* YOUR TASK:
Reproduce the listing below from the line with "Copriwater Ideal Standard" to the line with "Crush your inner demons.", both lines included, character for character, minus any pictures.

* SOURCE RECORDS:

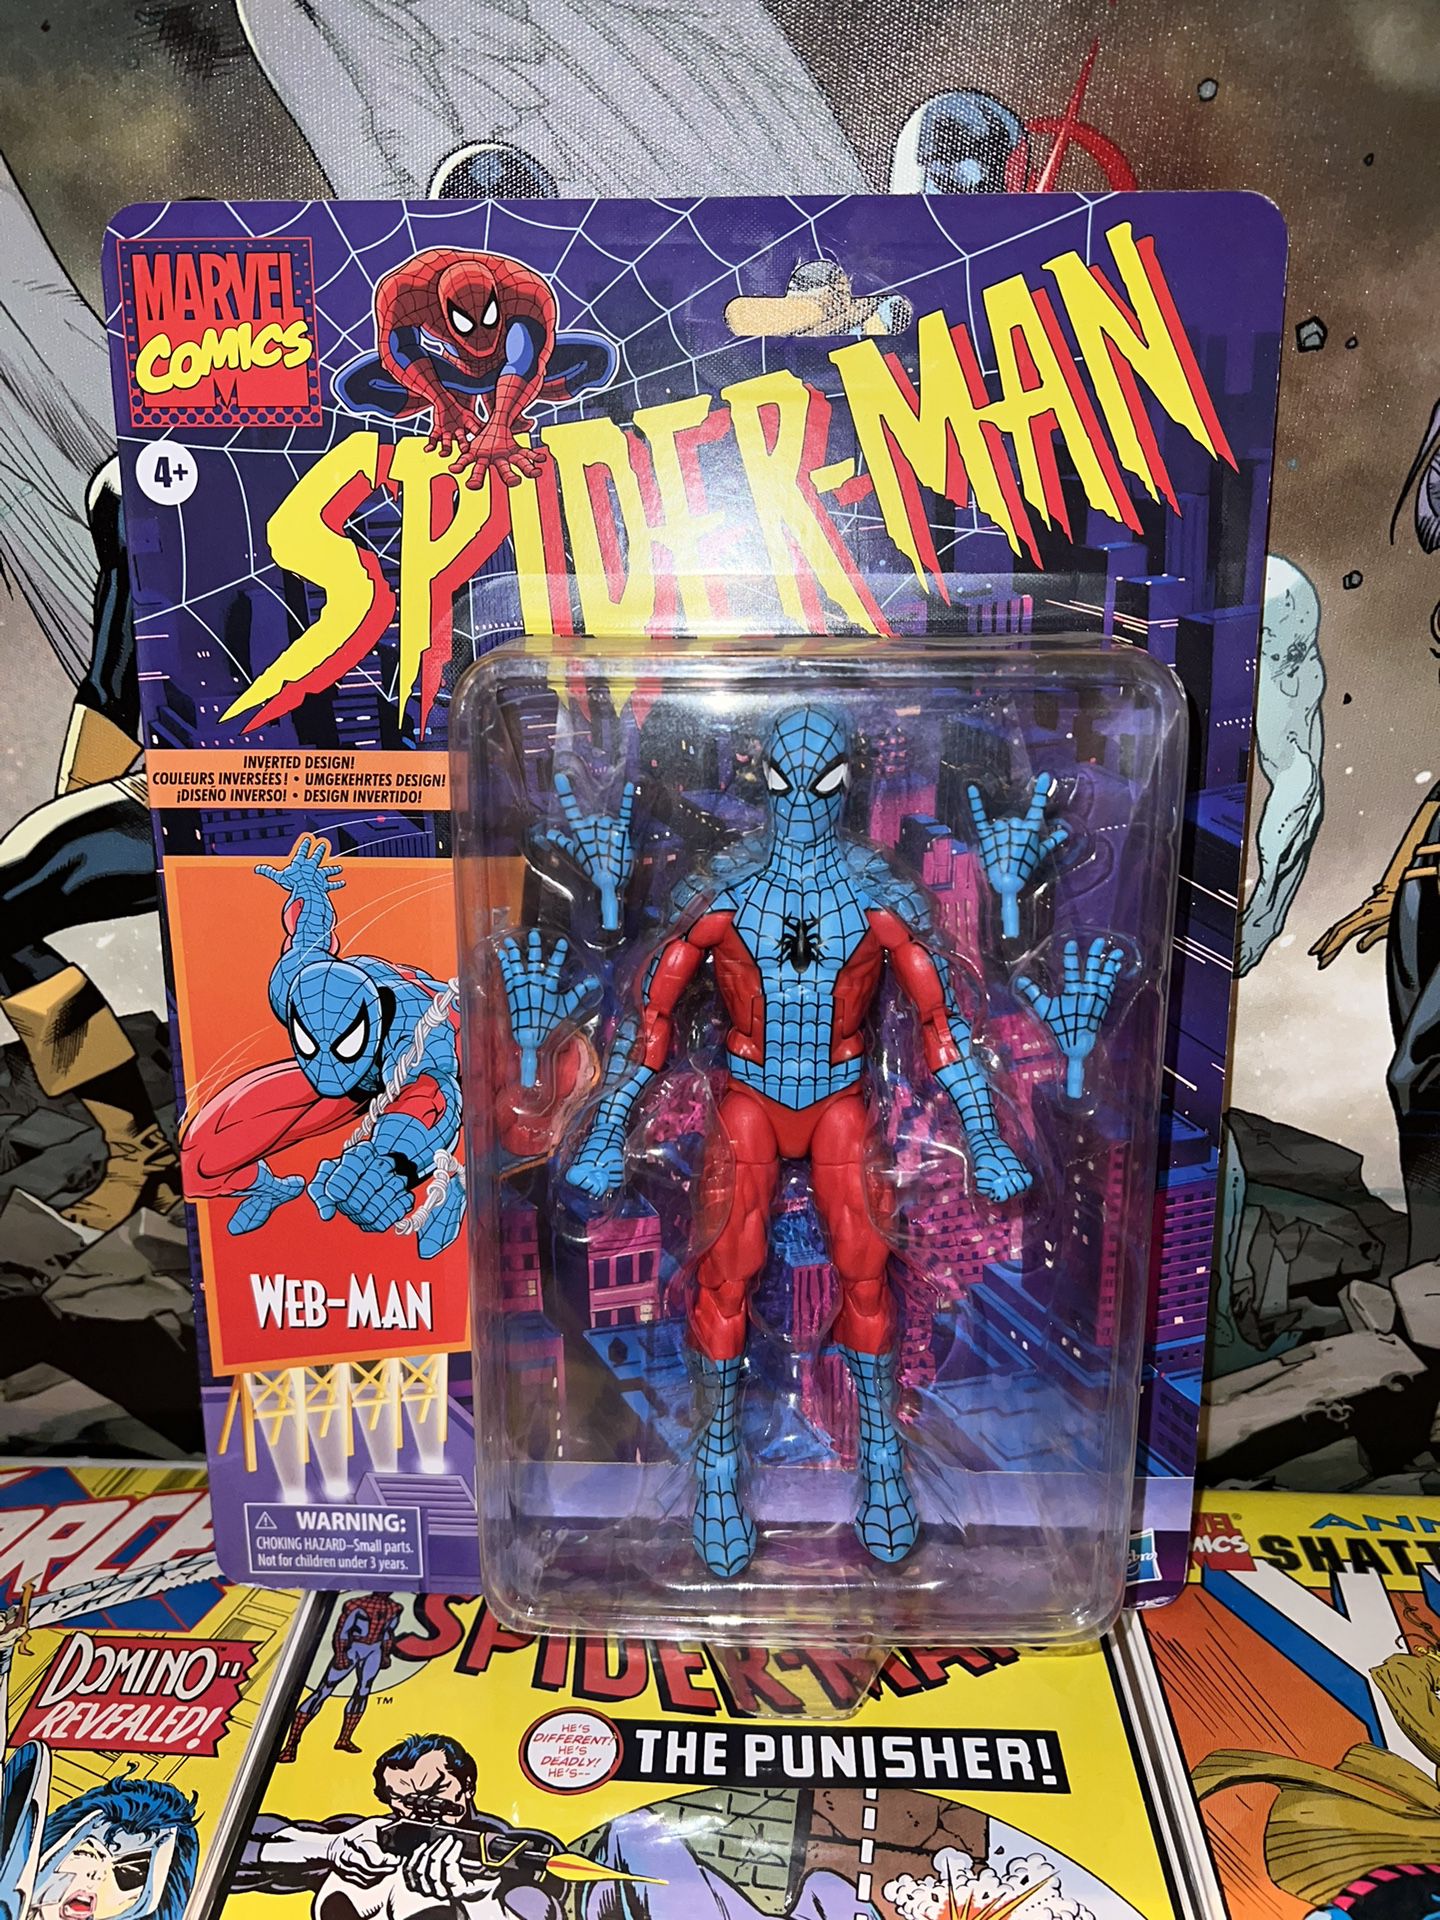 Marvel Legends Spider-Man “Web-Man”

==

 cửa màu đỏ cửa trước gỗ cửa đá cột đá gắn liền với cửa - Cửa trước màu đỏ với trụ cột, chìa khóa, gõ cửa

---

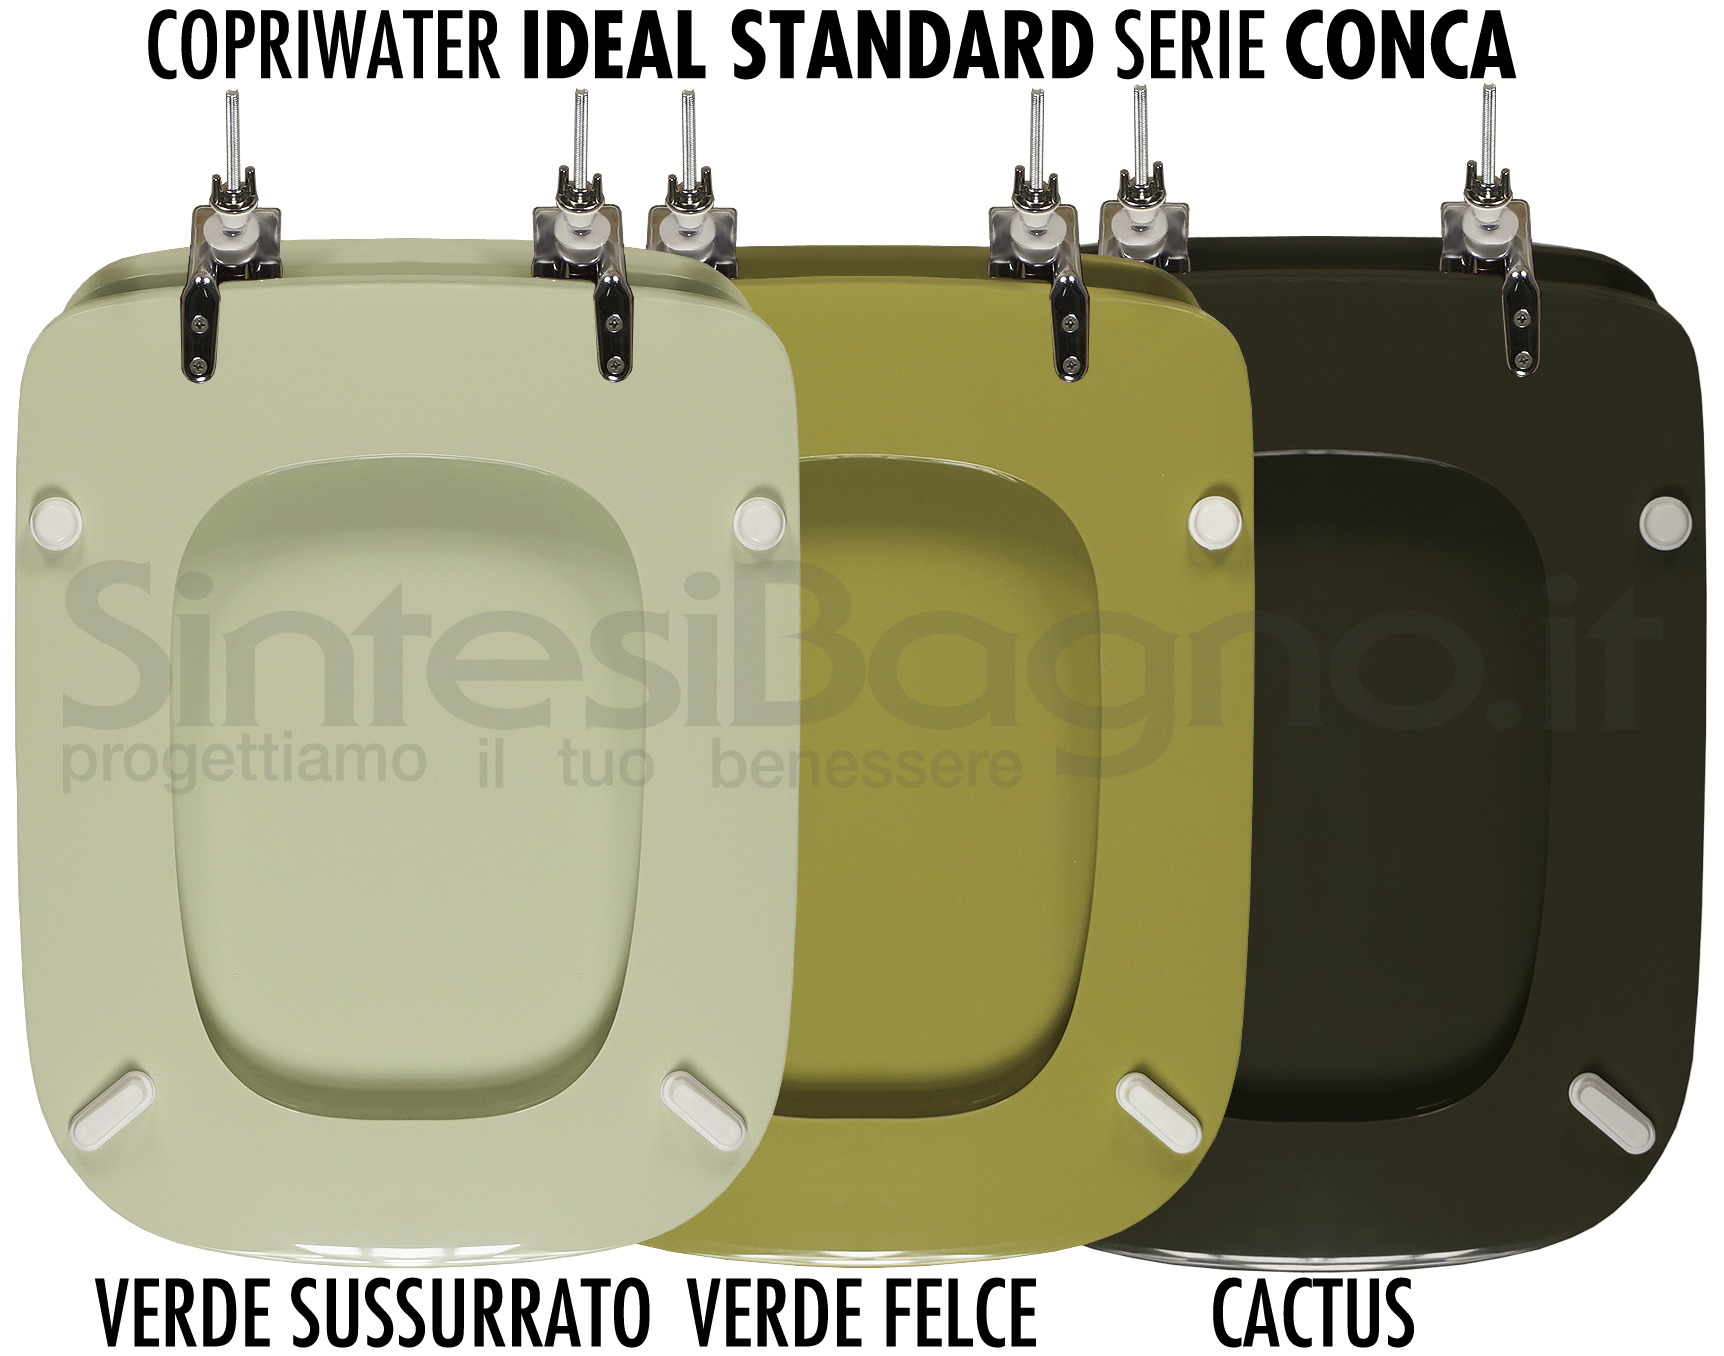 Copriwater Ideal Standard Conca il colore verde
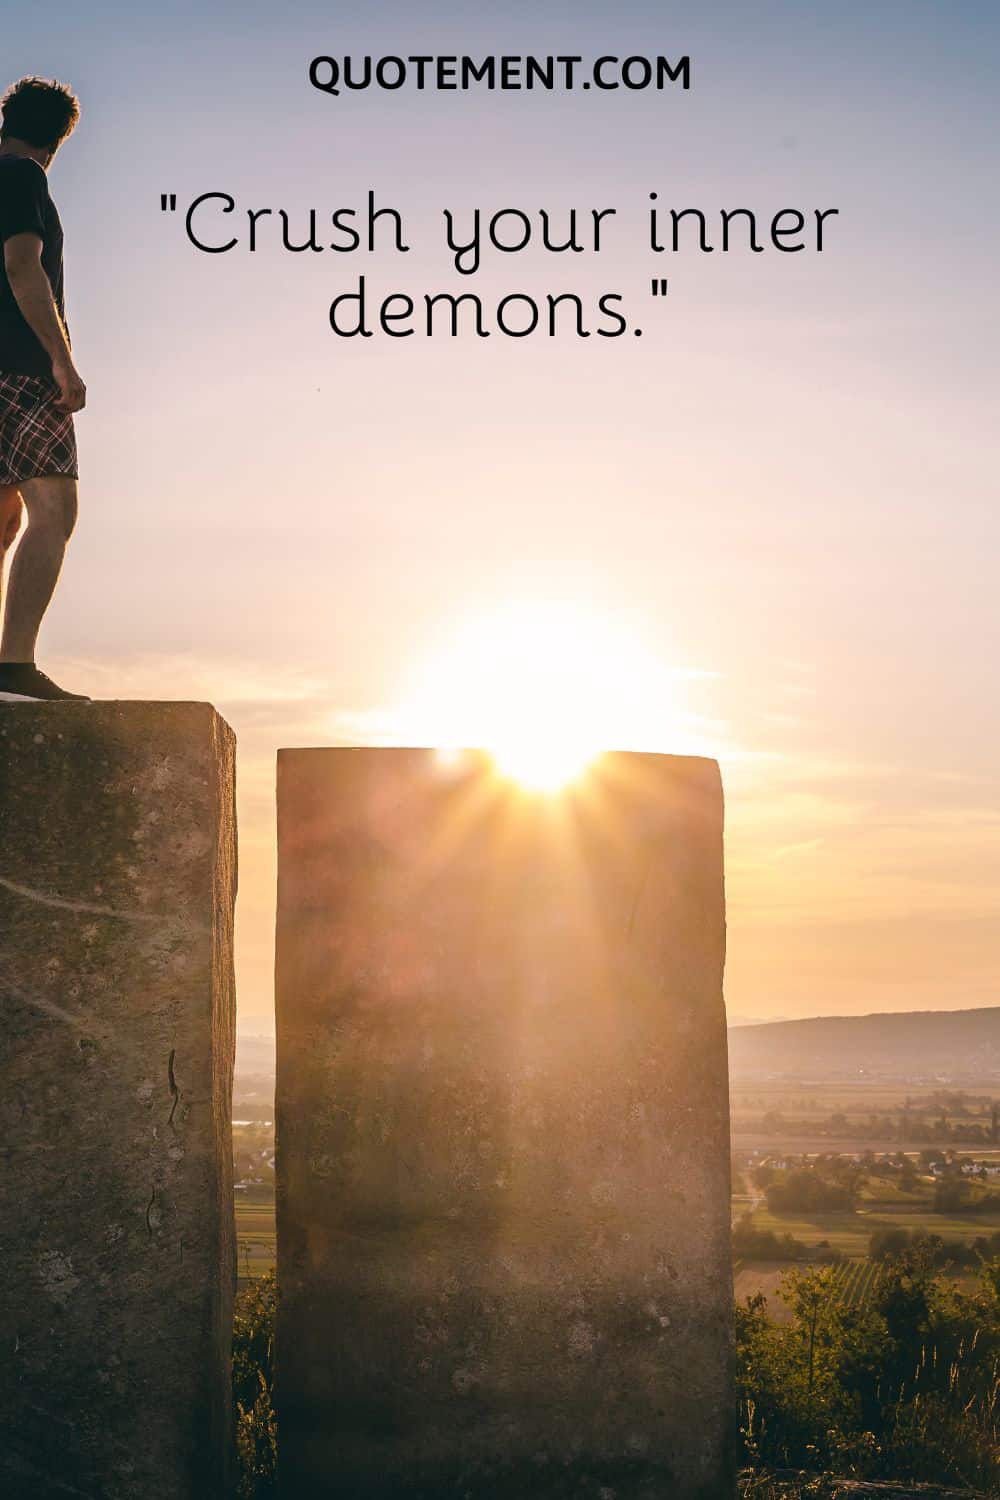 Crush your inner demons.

* WRITTEN RESPONSE:
 Copriwater Ideal Standard Conca il colore verde
 Crush your inner demons.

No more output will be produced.